The calendar for 2026 is not just “more electronic parties”. It mixes electronic music, romance and wedding tourism, art and gastronomy, wellness and yoga, hip-hop and reggaetón, film, web3 and multi-genre cultural formats month by month. The message is clear: if you still think Tulum equals only jungle raves, you are reading an old brochure.

What the municipality is doing beyond concerts

A year-round events plan only works if the rest of the system doesn’t collapse. That is where the municipal and federal agendas matter. Under the “Tulum Renace” strategy, federal and state authorities announced 128 actions to make the destination more just, safe and sustainable, including stricter regulation, environmental protection and promotion tied to public beach access and urban control.

  • New free public access points to the beach, including routes connected to Jaguar Park, seek to ease long-running tensions over privatized shoreline and recover basic public space.
  • Security and civil protection programs now coordinate municipal police, federal forces and tourism authorities for high-season operations and massive events.
  • Municipal planning documents include lines of action to attract tourism through high-level sports and cultural events, not just nightlife, as well as ongoing training and certification of security and civil protection staff.

None of this turns Tulum into a Scandinavian-style regulated utopia overnight. But it does show that the municipality is being forced to treat tourism as a system – infrastructure, security, access, events – and not as a never-ending beach party that somehow self-organizes.

Answering the “what happened to Tulum?” question

To understand the current push, you have to look at the crash. Between late 2024 and 2025, several reports documented one of Tulum’s worst tourism downturns in a decade: hotel occupancy dipping toward 40 percent on average and even 15 percent in low season, complaints about prices detached from reality, restrictions to beach access and a visible fatigue with the “eco-chic” marketing script.

National and international outlets started publishing pieces literally titled “what is happening in Tulum?”, pointing to a mix of insecurity perception, environmental degradation, informal growth and abuse of visitors. Those headlines traveled fast on TikTok and X, and the funa did the rest: influencers posting empty beach clubs, half-built developments and high bills became the unofficial PR for the town.
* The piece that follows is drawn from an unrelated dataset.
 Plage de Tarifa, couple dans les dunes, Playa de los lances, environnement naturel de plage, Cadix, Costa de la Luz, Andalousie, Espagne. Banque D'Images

“Instead of denying the crisis, Tulum is trying to turn it into an opportunity to write a more inclusive, cultural and sustainable tourism narrative.” — Adapted from statements by Zamna Group and state authorities

The Tulum Todo El Año plan and the Mexican Caribbean Music Fest are part of that answer. They acknowledge that if the destination wants to survive, it needs less noise and more structure: fewer speculative launches, more curated events; less one-shot hype, more predictable demand; less discourse about “paradise”, more concrete benefits for the people who actually live there.

What this means for investors, locals and visitors

For hotel owners, restaurateurs and real-estate players, a revolving events calendar financed by a trust is not a romantic idea; it is a risk-management tool. It spreads demand across the year, helps justify year-round staff and opens room for serious partnerships on packages, tickets and cross-selling instead of last-minute discounts.
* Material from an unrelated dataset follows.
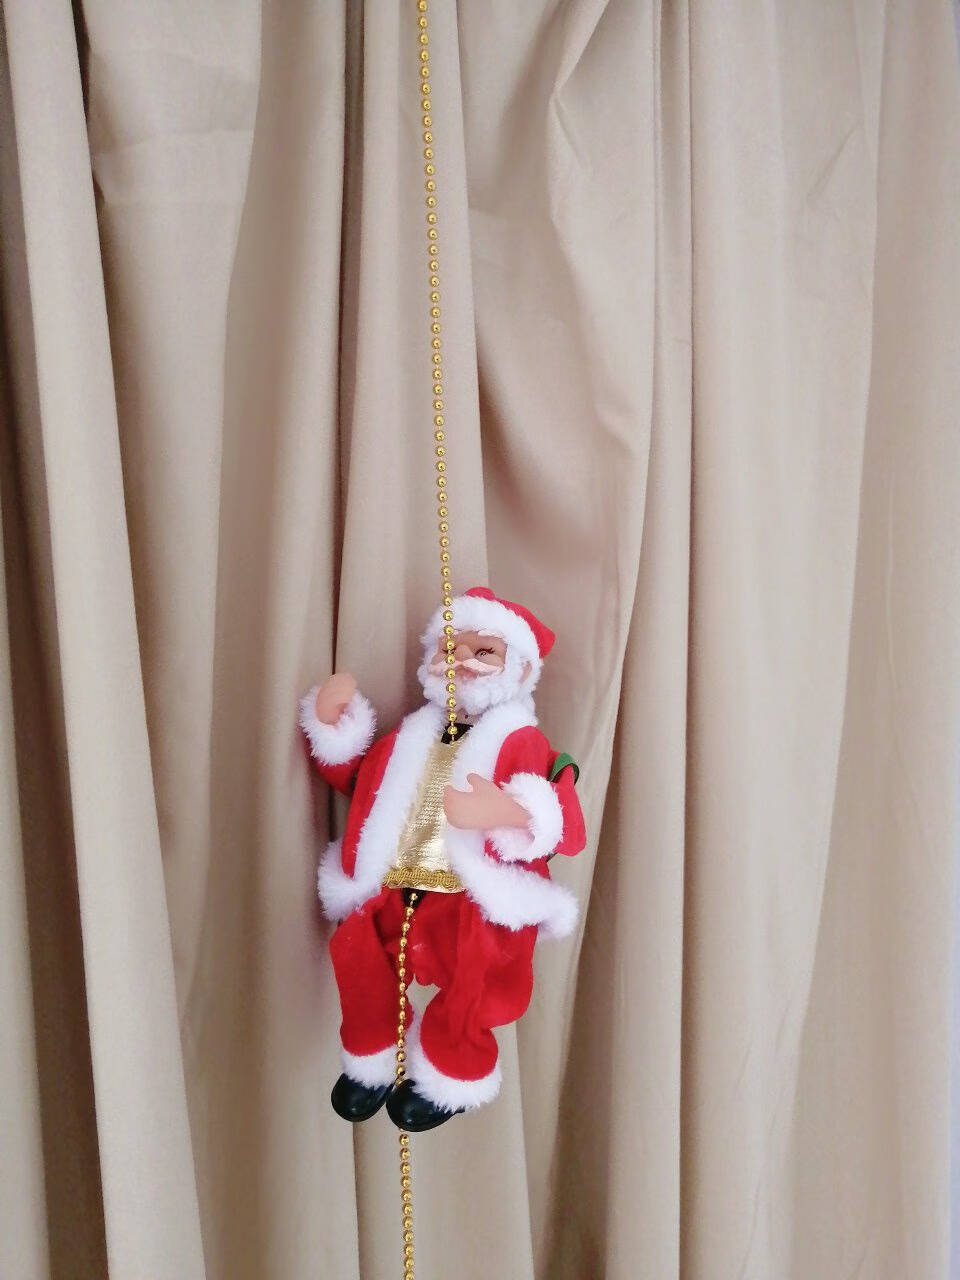 电动圣诞老人爬绳爬梯子爬珠玩具网红圣诞节礼物送儿童圣诞布置商超装灯饰装饰品会爬绳的圣诞老人礼品地推圣诞老人

  • If the trust works, Tulum moves from surviving on three hyper-profitable weeks to sustaining 12 months of reasonable occupancy.
  • If governance, transparency and environmental standards fail, it will be just another excuse to overload the jungle without fixing the underlying model.
  • The difference will be measured not in slogans, but in who sits at the decision table: local businesses and community actors, or only big nightlife brands.

“Tulum has the potential to become a year-round international tourism reference if the local ecosystem aligns with vision and courage.” — Zamna Group

For now, the signal is concrete: Tulum is not pretending the crisis did not happen. It is trying to engineer its way out of it with year-round cultural programming, a tourism trust and a tighter public agenda. Whether that is enough to move the narrative from funa to case study will depend on execution – and on how seriously everyone involved treats the territory they are monetizing.